1. Functions and their graphs

Been stuck on this for a while:

The figure shown here shows a rectangle inscibed in two isoceles right triangle whose hypotenuse is two units long
a.) express the y-coordinate of "P" in terms of x (you might start by writing an equation of line "AB"
b.) express the area of the rectangle in terms of x

Heres the diagram
59795_473501434601_592919601_6725805_3723994_n | Flickr - Photo Sharing!

2. I see that you have over thirty postings.
By now you should understand that this is not a homework service
So you need to either post some of your work on a problem or explain what you do not understand about the question.

3. confusion

Where I am confused is what the line equation has to do with "P"(x,?)
I understand that part a is required for a to figure out part b just using LxW= Area of the rectangle

in regards to part A I do not understand how I am suppose to use the data given to calculate the slope specifically
m=(y2-y1)/(x2-x1)

I apologize for my previous actions, as I will now put more thought into a question before posting.

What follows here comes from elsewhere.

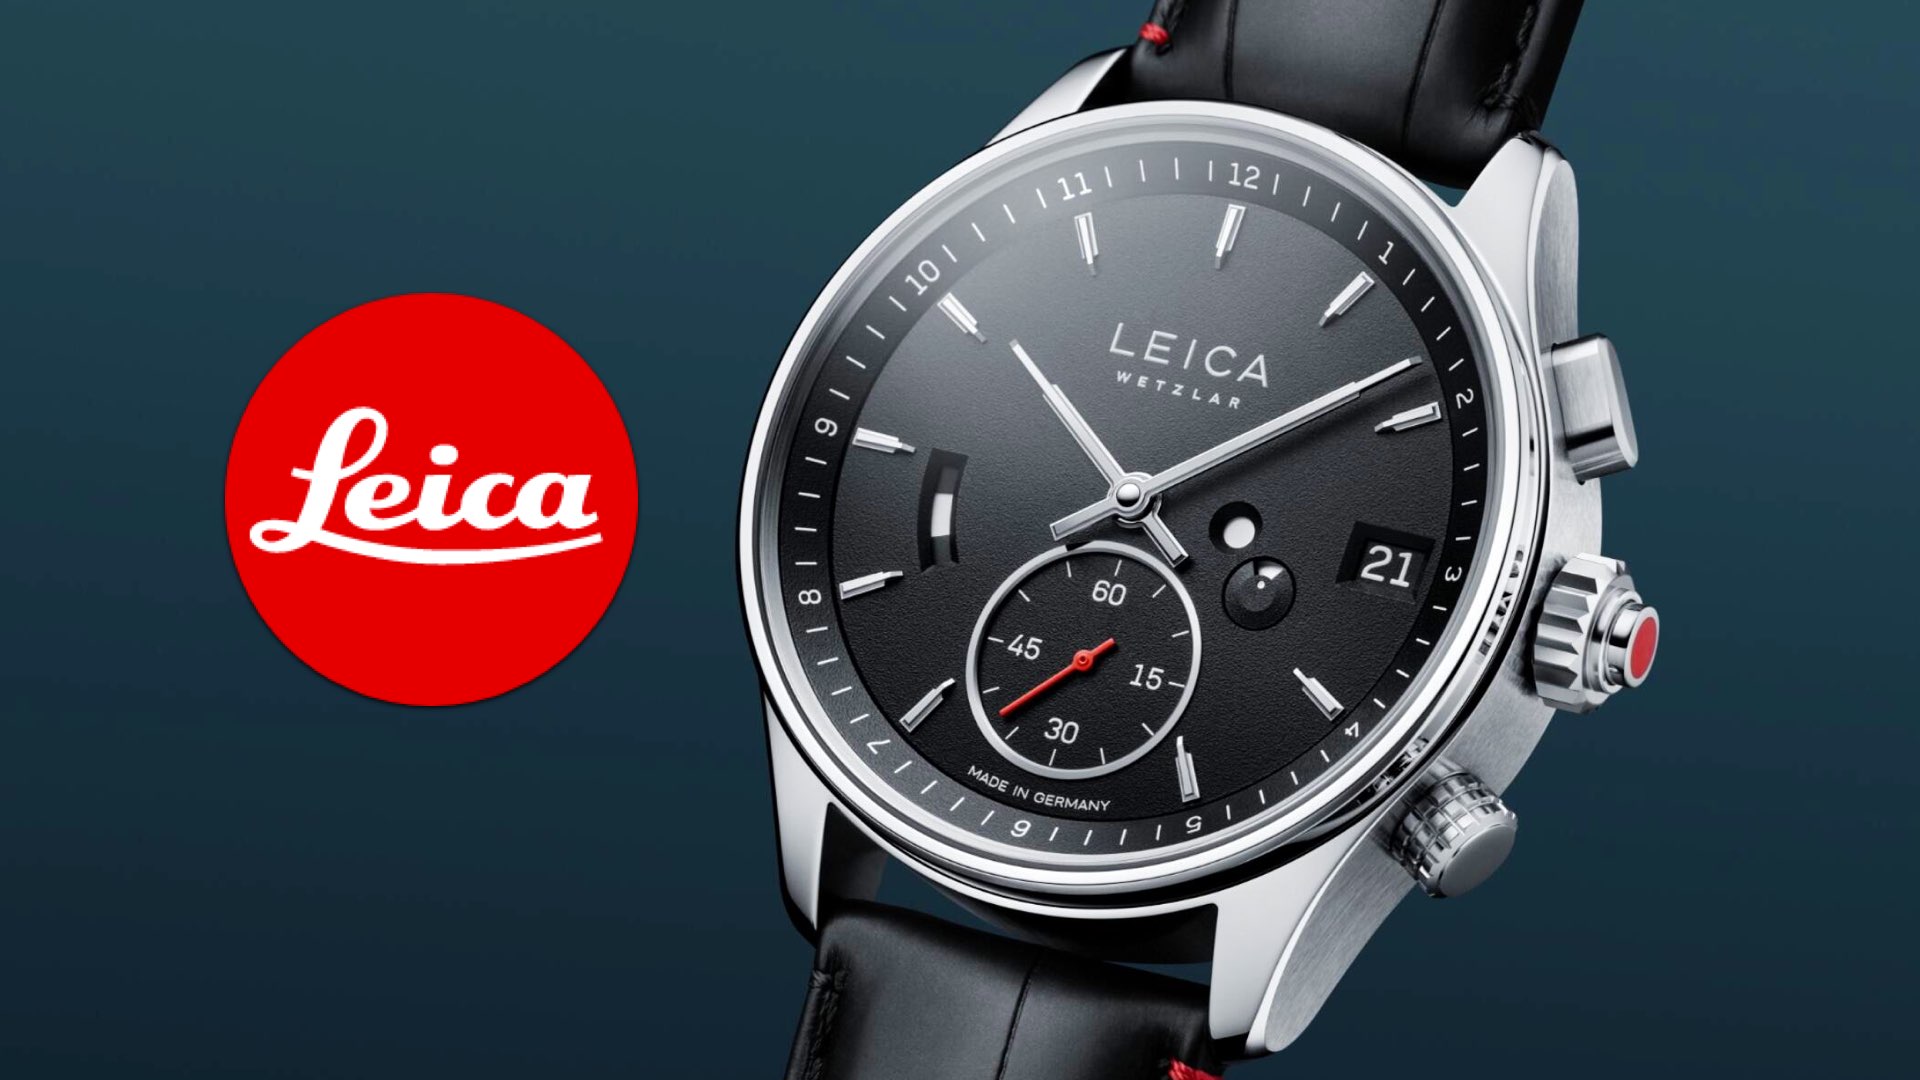 Leica Introduces the LEICA Watch. Price: $14,000
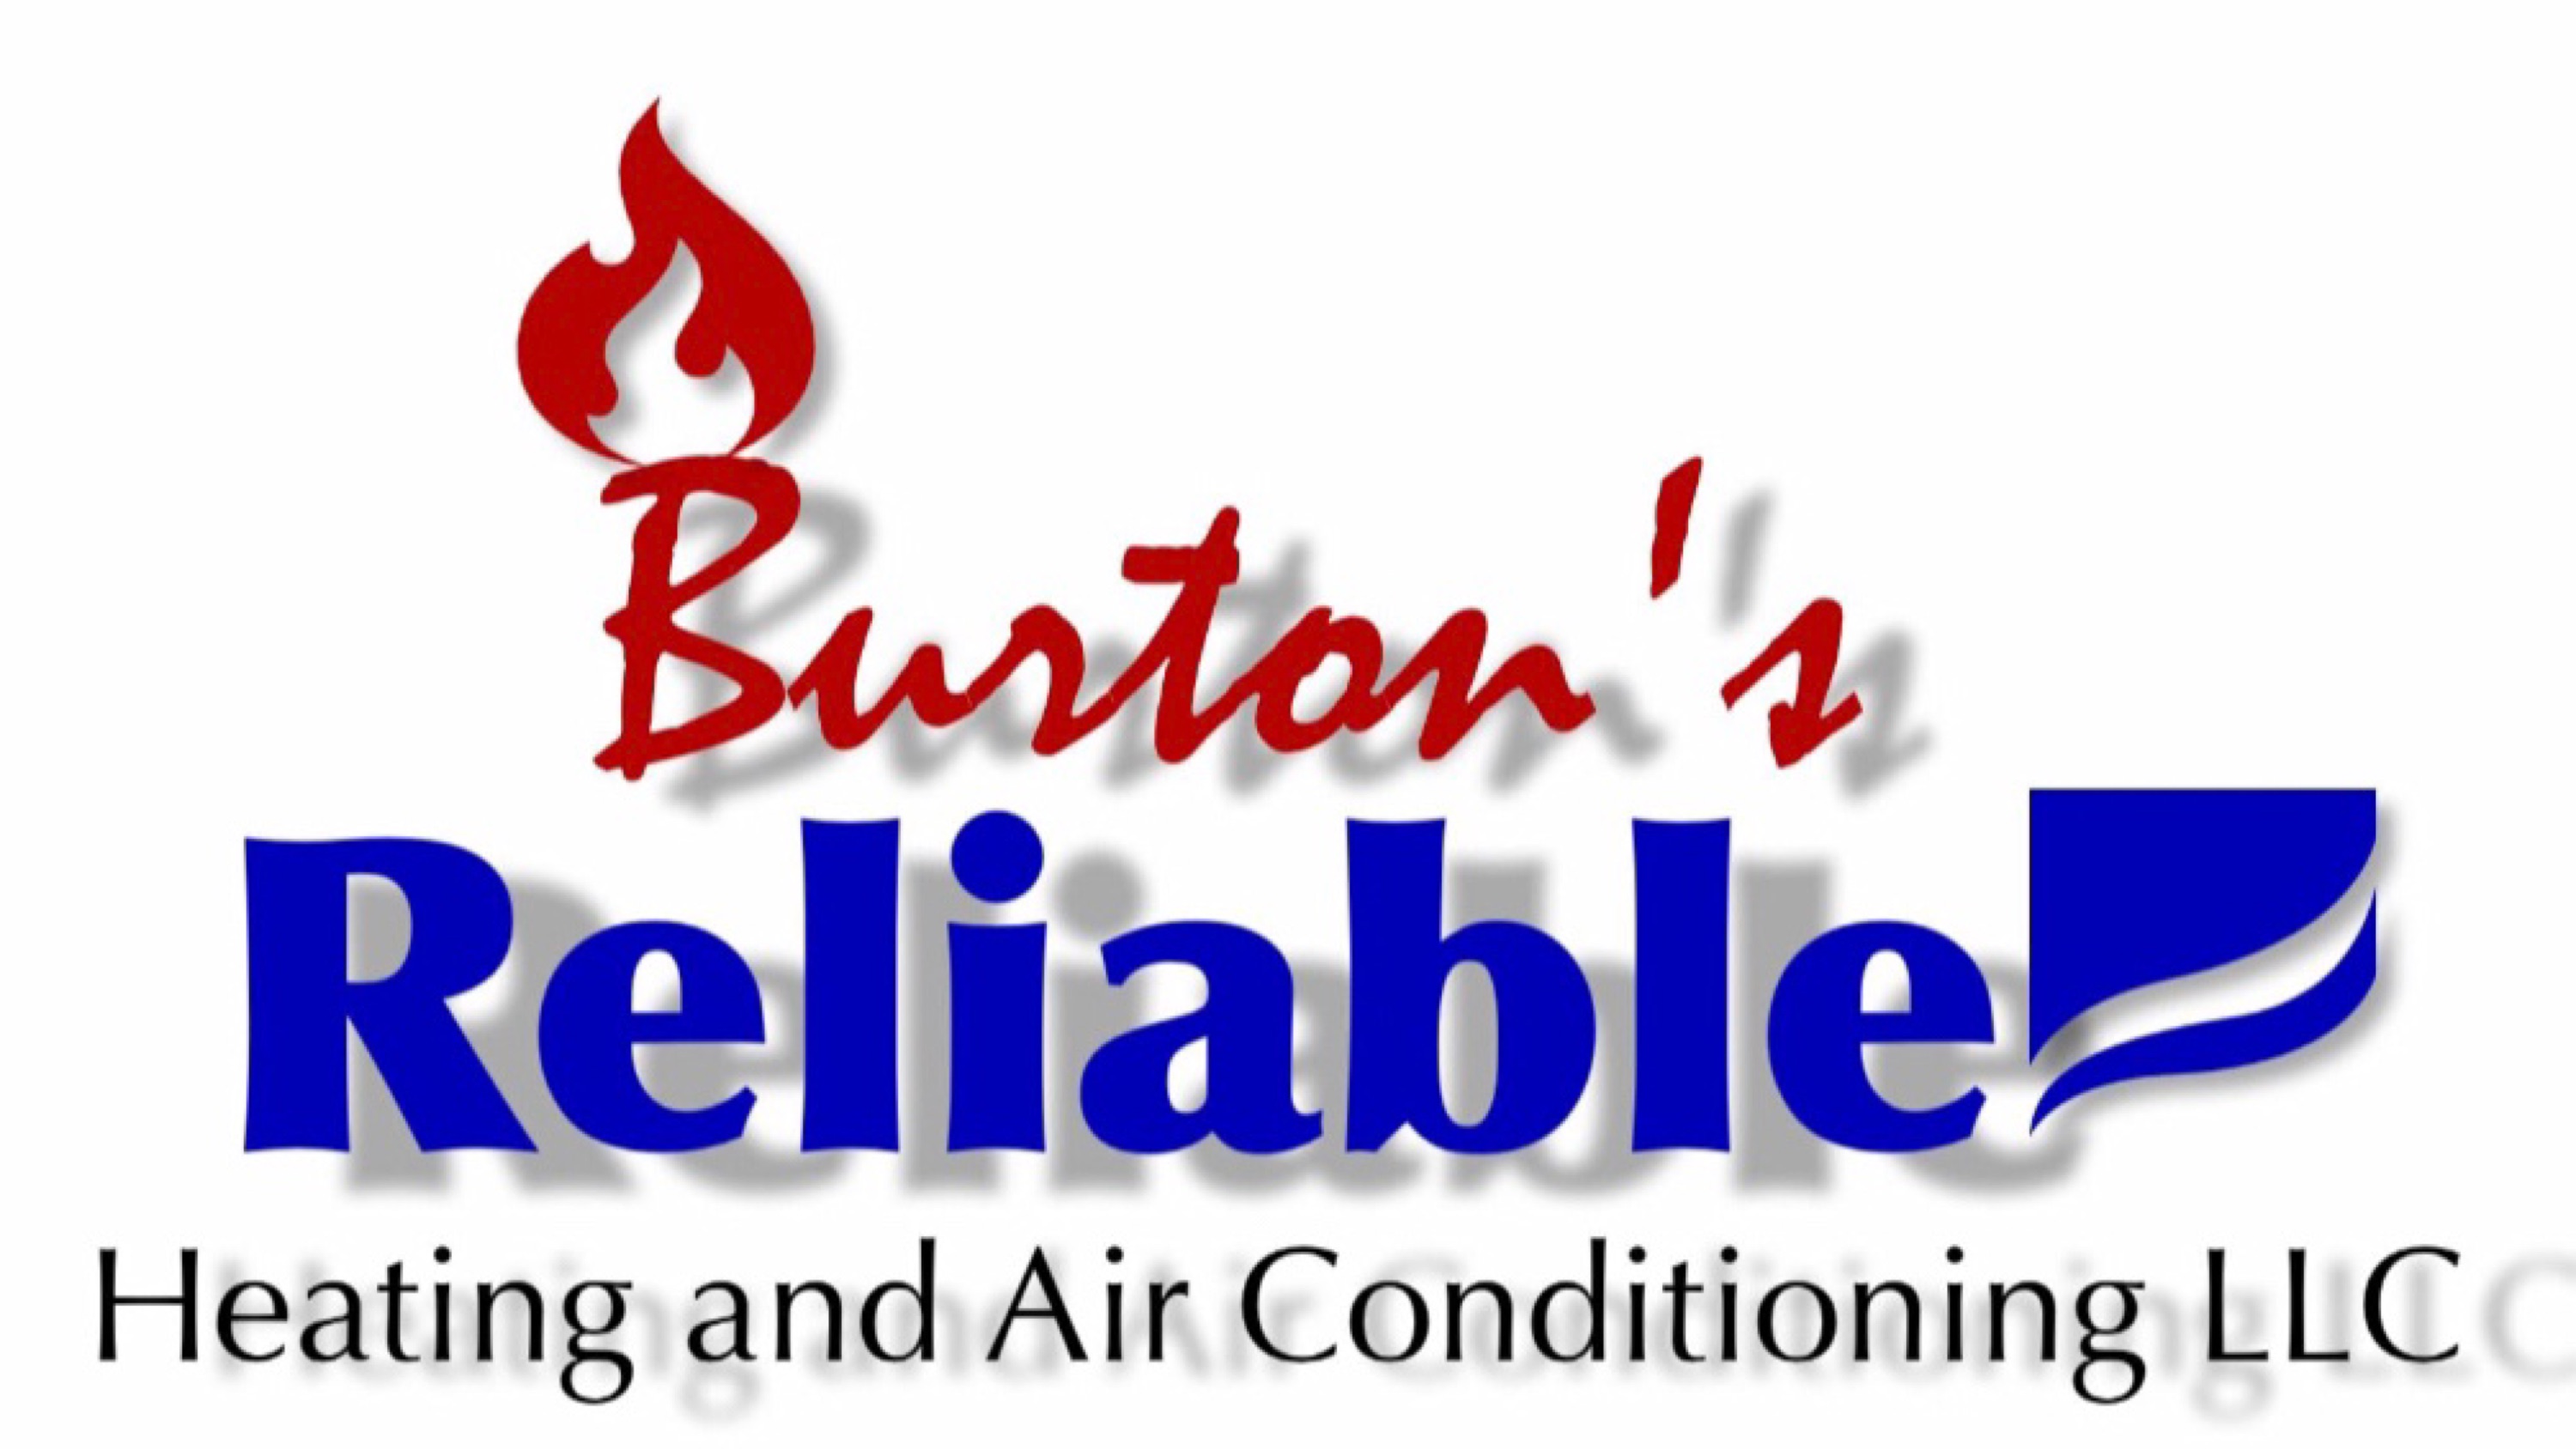 Burton's Reliable Heating and Air Conditioning Logo

4. The point $\displaystyle B0,b)$ is the y-intercept.
This is an isosceles right triangle. So length of $\displaystyle \overline{AB}$ is $\displaystyle \sqrt{2}$.
So $\displaystyle b=?$

5. P(x, ?) is a point ON the line. Once you have the equation as, say, y= mx+ b, then the "y coordinate of P" is mx+ b (where you should have numbers for m and b.) By The Pythagorean theorem applied to right triangle BOA, $\displaystyle b^2+ 1= 2$. I don't know why Plato says "So length of $\displaystyle \overline(AB)$ is $\displaystyle \sqrt{2}$". You are given in the problem that "the hypotenuse is 2 units long" and $\displaystyle \overline(AB)$ is the hypotenuse. You already know that A= (1, 0). Once you know the point B= (0, b), you should be able to find the equation y= mx+ b for the line and so (x, mx+ b) for any point on that line.

And once you have that, the area of the rectangle is "length times width"= (2x)(y)= 2x(mx+ b).

Now, what are m and b?

6. Halls,
No indeed $\displaystyle \overline{AB}$ is most certainly not the hypotenuses.
Did you look at the diagram?
The hypotenuses is along the x-axis from (-1,0) to (1,0)

The student’s description does not match the diagram that goes with the question.

7. Plato, are you inferring that "AB" is a component of a special triangle in order for it to be equal to root 2

8. I tried working it out and got this so far
$\displaystyle \frac{B-0}{0-1}+B$

9. First of all, what is correct: your description of the problem or the supplied diagram?
In the diagram the angle B is a right angle so the hypotenuse is from (-1,0) to (1,0).
That makes B(0,1) so the line determined by A & B is $\displaystyle y=-x+1$.

10. The question is word for word from the book and the supplied diagram is directly out of the book

11. Originally Posted by nightrider456
The figure shown here shows a rectangle inscibed in two isoceles right triangle whose hypotenuse is two units long
Originally Posted by nightrider456
The question is word for word from the book and the supplied diagram is directly out of the book
Either the diagram is drawn incorrectly or the description is wrong.
In the diagram point A is (1,0). So in order for $\displaystyle \Delta OAB$ an isoceles right triangle the point B has to be (0,1). Therefore the hypotenuse has length $\displaystyle \sqrt2$ not two units as in the description.

So something with the question one way or the other.

12. The right triangle in which the rectangle is inscribed has vertices at (-1, 0), (1, 0), and point B. Its hypotenuse is, indeed, of length 2. I made the foolish mistake of thinking that the "right triangle" referred to in the picture was $\displaystyle \Delta OAB$. The hypotenuse of that triangle is a leg of the large right triangle. The right triangle $\displaystyle \Delta OAB$ has hypotenuse $\displaystyle \sqrt{2}$ so AB is $\displaystyle \sqrt{2}$ as Plato said originally. I should have known! It should be easy to determine the length of OB, so the coordinates of point B and then the equation of the line. The area of the rectangle is xy where (x, y) is the point where the rectangle touches that line. Knowing the equation of the line, you know y in terms of x and so A= xy in terms of x only.